# Worcestershire Floods



## Fate (Jul 26, 2007)

Just some shots from around my village - by no means the worst place hit, but the aftermath is pretty bad - houses pumped etc and a caravan site totally wiped out.

1.







2.






3.






4.






5.






6.






7.






8.


----------



## LaFoto (Jul 26, 2007)

That looks bad, all right! Whoa. I so feel for you all!
We have a little pump staying on the lower part of our verandah at all times this summer and have needed it several times by now to keep our cellar from getting flooded (with success, but that is also because we have built a little "wall" in front of the first step down of the outside staircase), but nothing has ever been this bad for us.

My favourite (if scenes like this can be "favourite" - but photographywise, you know) photo is 6. He looks like he is working so hard! 

That one followed by 2! Whoa.


----------



## Tangerini (Jul 26, 2007)

How very sad, nature can be very cruel.  Nice job on the photos, they have a great emotion to them.


----------



## Rick Waldroup (Jul 30, 2007)

Nice work.  Especially on shots #2 and the last one.


----------



## newrmdmike (Jul 30, 2007)

good shots! call up sipa press and submit these!


----------



## Antarctican (Jul 30, 2007)

Well done! The first 2 shots really convey the havoc that the high waters created.


----------



## julz (Jul 30, 2007)

jeez, that one with the sign in scary,  belfast got flooded over a month ago too, the worst i seen myself was just cars stuck with water above the wheels


----------



## L. Wood (Jul 30, 2007)

Wow. Great photos. The colors are WONDERFUL!


----------



## Fate (Aug 6, 2007)

A quick add to the photos: The scene of many of the houses in the area, with many of their ground floors underwater, there was no other option but to remove all the damaged furniture.


----------



## Iron Flatline (Aug 6, 2007)

Wow, thanks for sharing.


----------



## djomlas (Aug 7, 2007)

wow man, i really 'liked' the speed limit sign photo.

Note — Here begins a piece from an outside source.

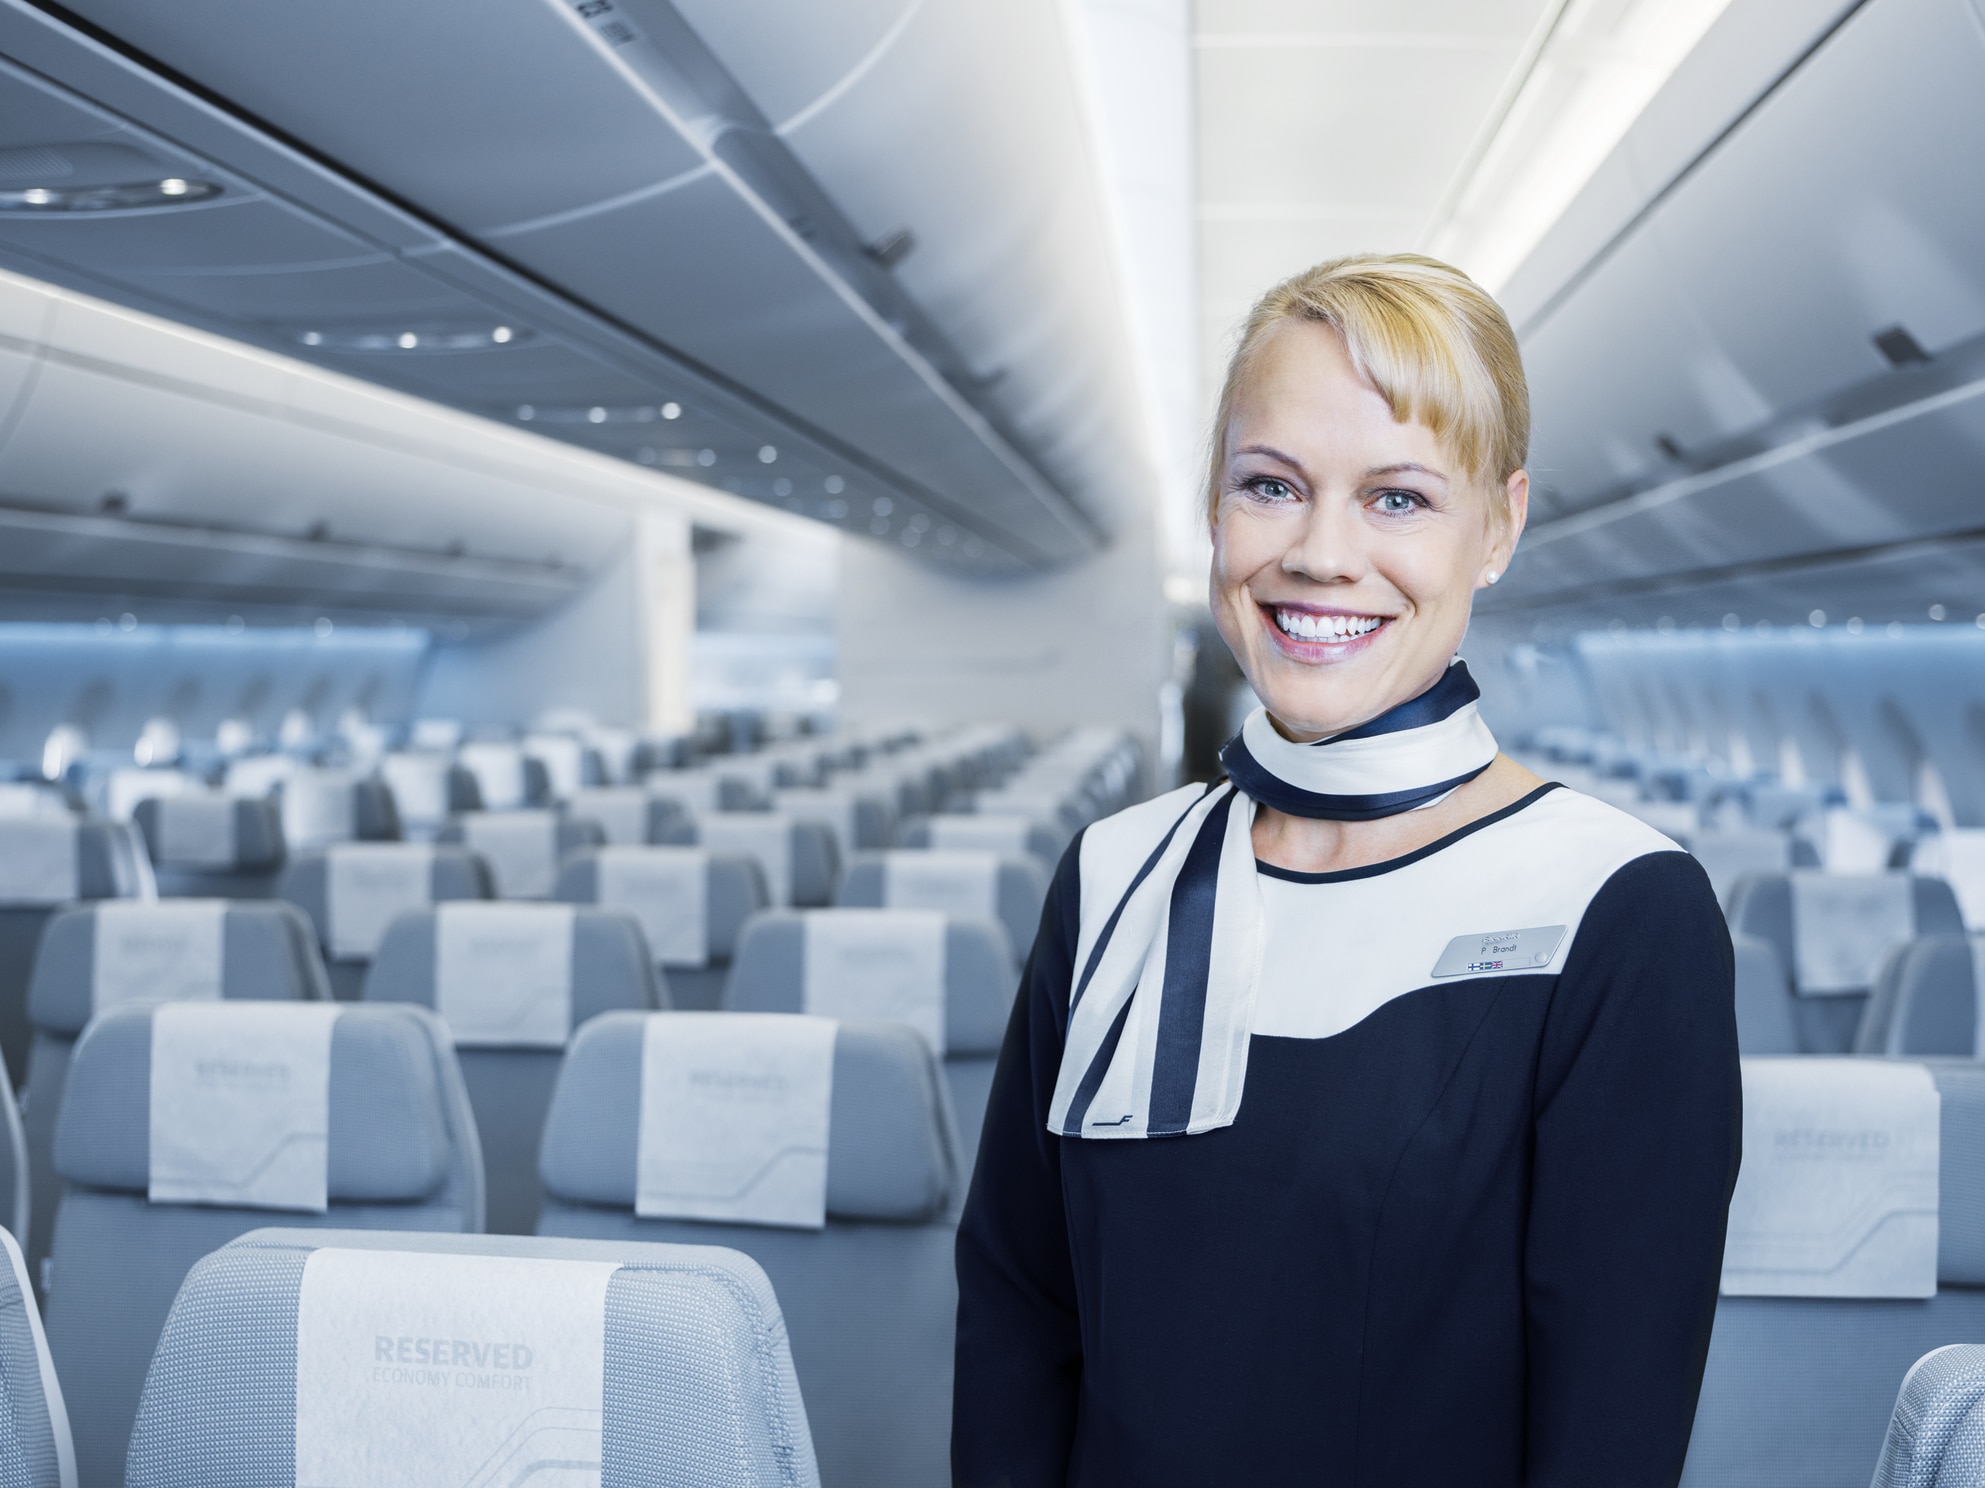 Η Finnair συμφωνεί εξοικονόμηση πόρων με το πλήρωμα καμπίνας, δεν θα αυξήσει τις υπεργολαβίες στις υπηρεσίες εν πτήσει
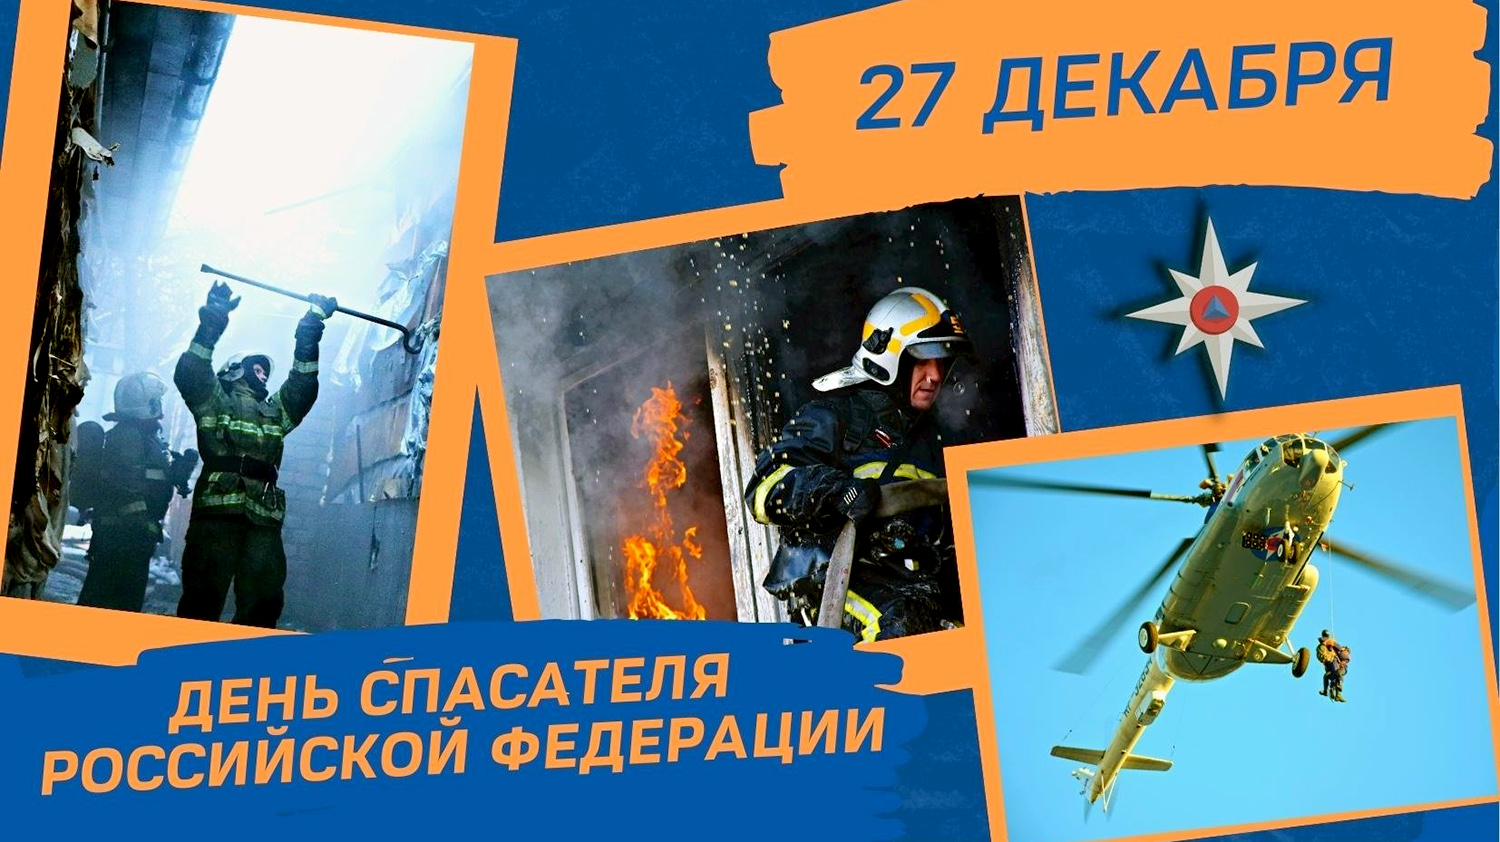 Сегодня в России - День спасателя

on the sidenote, i dont remember when was the last time  that i saw a Scania truck, back when i lived in europe, ahh good memories of europe.

thx for sharing


----------



## Royster (Aug 19, 2007)

nice series, 1,2 and 7 are my favorites. I thought no 7 was a selective coloring job at first look. Really sharp images and the contrast and balace in 1 and 2 are perfect. Very sad pictures though.


----------



## Emily91183 (Aug 19, 2007)

These were great - you have a good eye.  It made me feel like I was there and have concern for the people.


----------



## Stillwater (Aug 22, 2007)

What a tragic scene, I really enjoy #6.


----------



## kundalini (Aug 22, 2007)

I really like #6.  Something about the desperation he emotes for feeling enough cannot be done, as quickly as needed, to help those in this tragic situation.


----------